При свете свечи пальцы Маши влажно блеснули; она радостно вздохнула.
— Вспотели-с? — чуть слышно спросила Улинька.
— Да, да. Я так рада. Хорошо, что маменьке с папенькой не сказывали, а то бы они взволновались.
Маша заботливо поправила одеяло и попробовала приготовленное для сестры питье.
— А ты не заснешь? — заправляя под кружевной чепчик свои черные локоны, спросила она.
— Что вы, барышня, мне нынче и вовсе не до сна.
— Ну, сиди.
С утра двадцать четвертого ноября старуха Давыдова принимала поздравления. Вторая именинница — Катиш Орлова — сидела рядом.
По обычаю каменского дома, после молебна в гостиной у Екатерины Николаевны собирались на короткое время только свои. К гостям же выходили все вместе под звуки торжественного марша.
Екатерина Николаевна в пышном атласном платье и кружевах, с крупными жемчугами на шее — подарком «светлейшего» дядюшки Потемкина — шла впереди с сыном от первого брака, генералом Раевским. За ними по старшинству двигались остальные. Мужчины в парадных мундирах и фраках, дамы и барышни в шумящих шелковых платьях и драгоценностях, а за ними напомаженные, нарядные дети с гувернантками и гувернерами. Все гости, от генерал-аншефов до кучеров и дворовых девушек, своих и чужих, в этот день должны были одеваться во все лучшее, непременно праздничное.
Поздравив мать и племянницу, Василий Львович, сославшись на головную боль, вышел с заднего крыльца и приказал казачку Гриньке подать верховую лошадь.
Увидев хозяина, пегая грациозная Астра звучно заржала.
Базиль ласково потрепал ее по загривку и, поправляя уздечку, на миг увидел в темном лошадином глазу маленькое отражение собственного лица.
— Вот что, Гриня… — начал было он и запнулся в окне нижнего этажа, там, где помещалась девичья, мелькнуло Улинькино лицо.

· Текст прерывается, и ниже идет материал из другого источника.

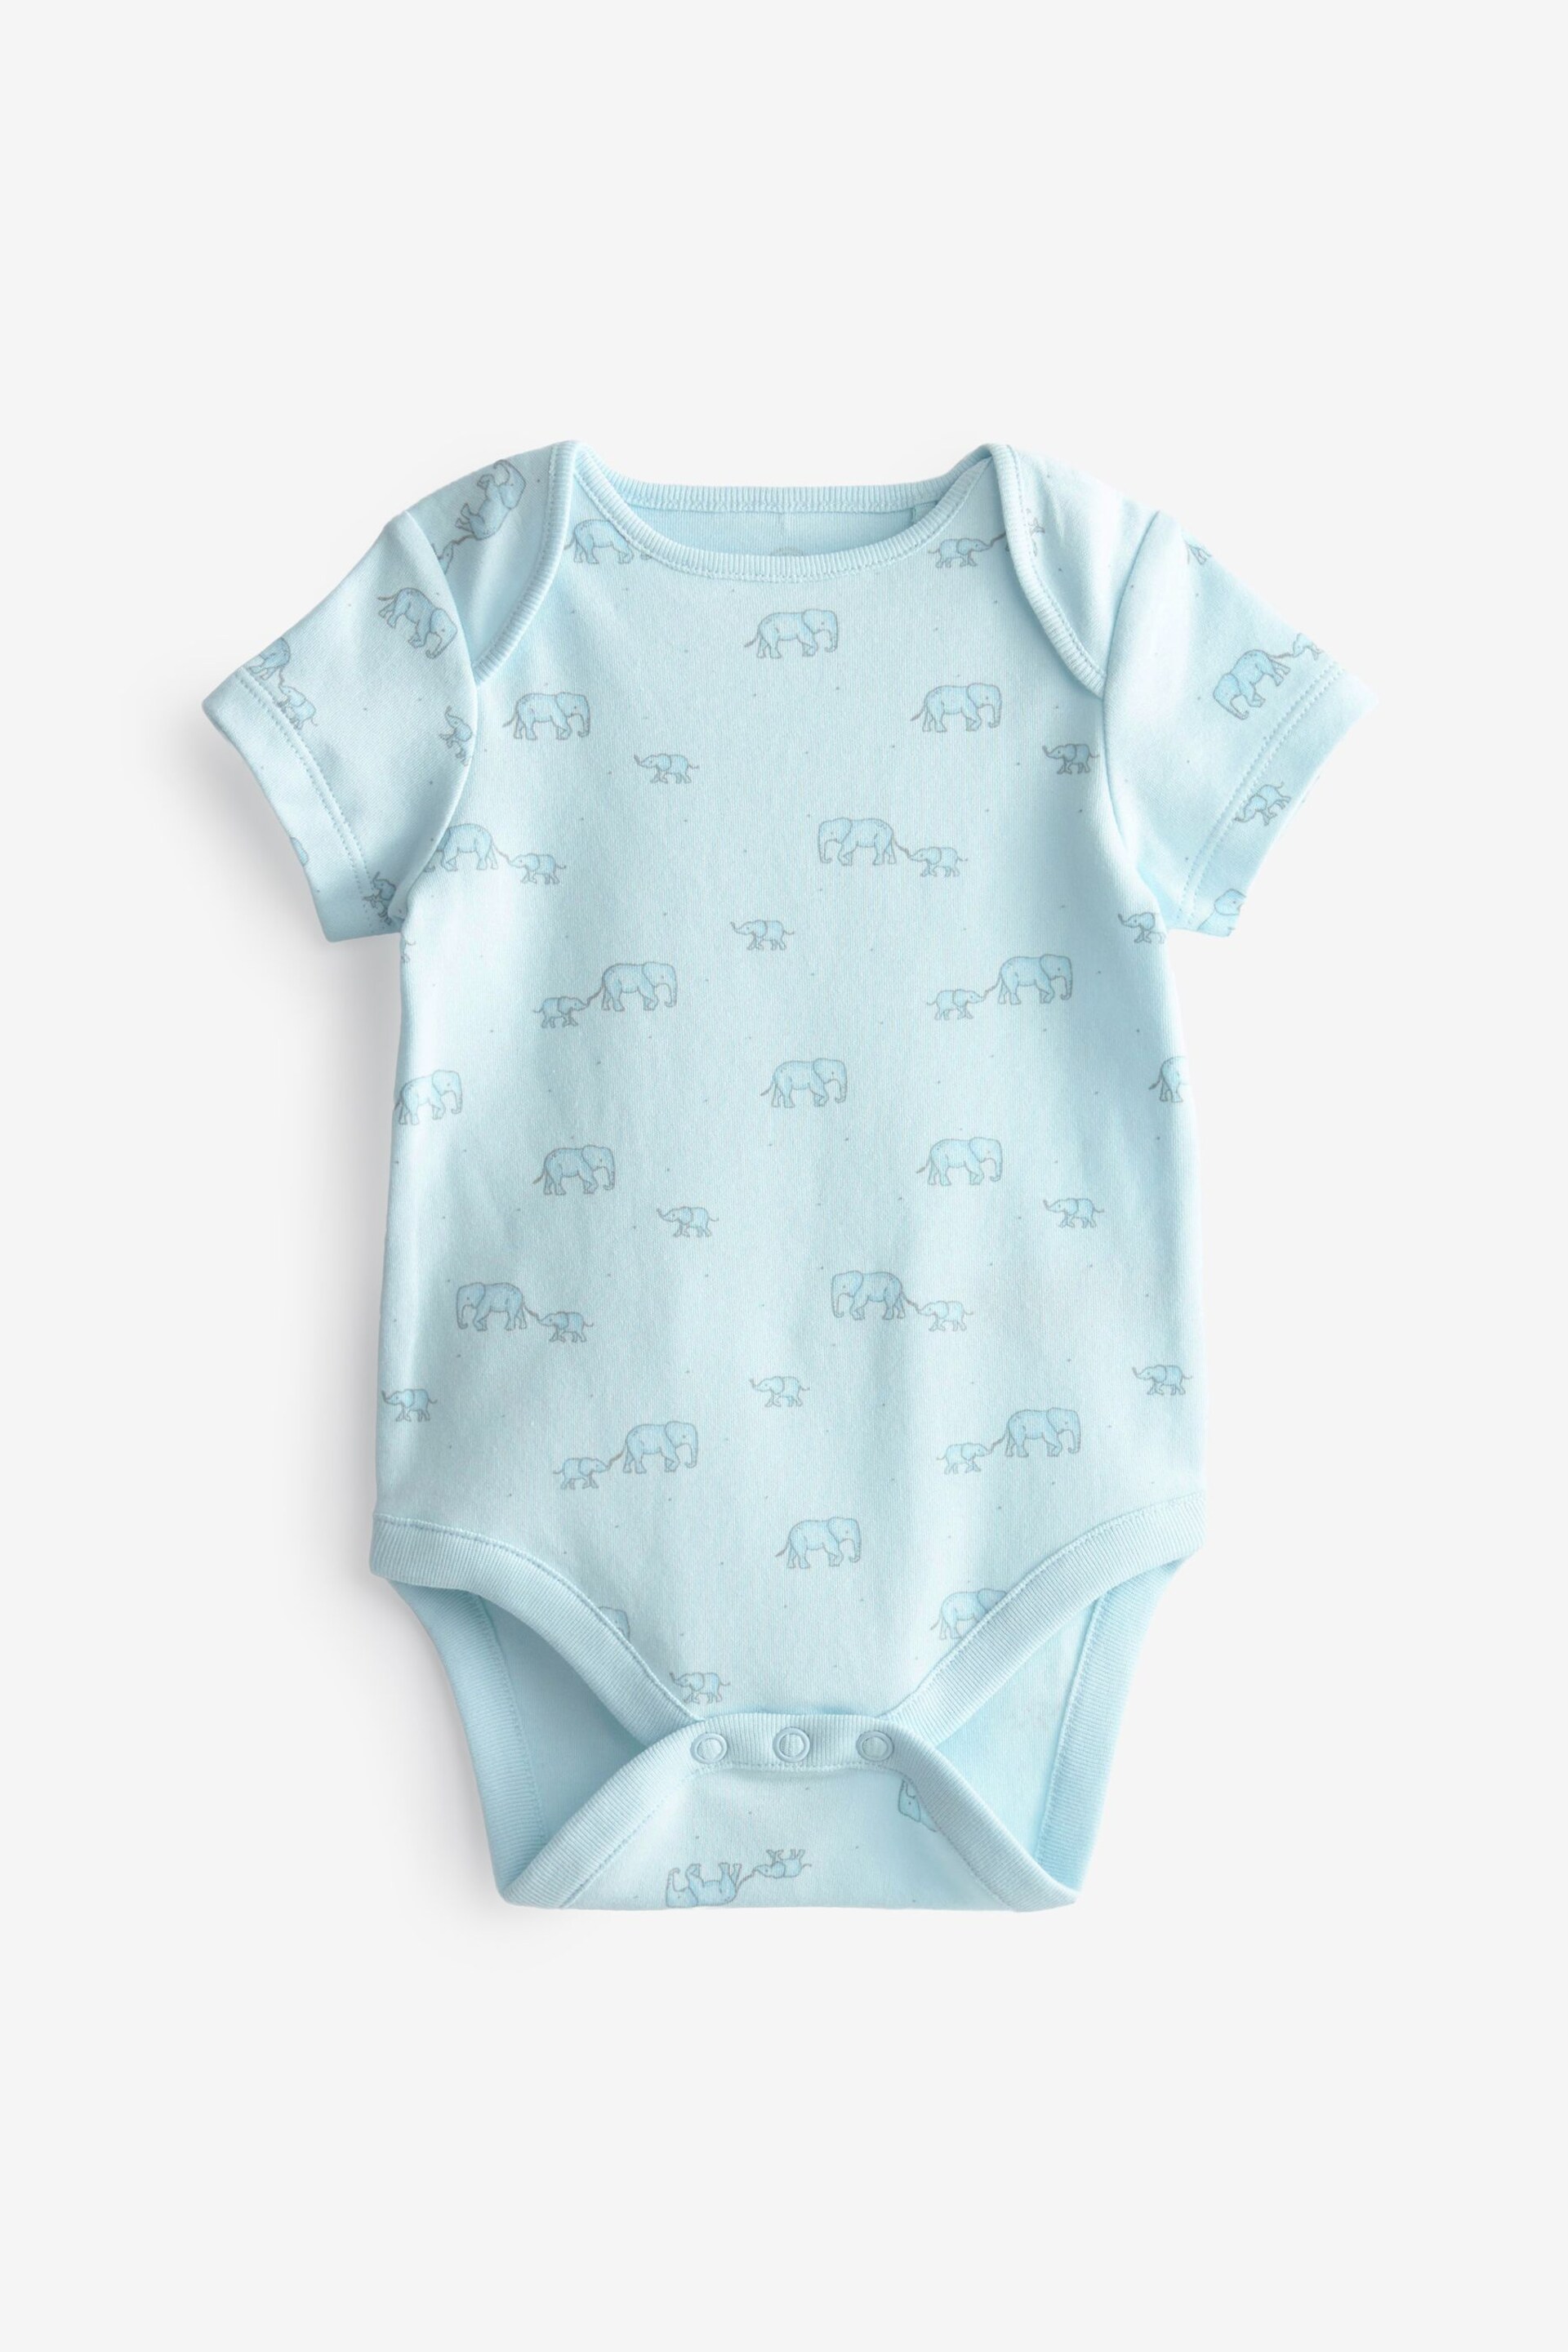 Blue/White Elephant 4 Pack Short Sleeve Baby Bodysuits - Image 3 of 12

Базиль нахмурился, вскочил в седло и, пришпорив Астру, галопом поскакал по дороге к Тясмину.
Впереди расстилались холмистые поля, покрытые ледяной корой. Направо от новой кирпичной с белыми колоннами мельницы виднелись простые ветряки. Как фантастические существа, они взмахивали крыльями, словно пытались подняться над землей. Вокруг ветряков, отыскивая хлебные зерна, кружились стаи ворон. Их картавый крик неумолчно стоял в воздухе.
И во всем этом — и в тускло отсвечивающих ледяной корой полях, и в высоких безлистных тополях, стоящих, как вехи, вдоль дороги, и в ветряках, беспомощно взмахивающих крыльями, — Василий Львович видел ту же грусть, какую чувствовал в собственней душе с момента вчерашней сцены с Улинькой у дверей пристройки.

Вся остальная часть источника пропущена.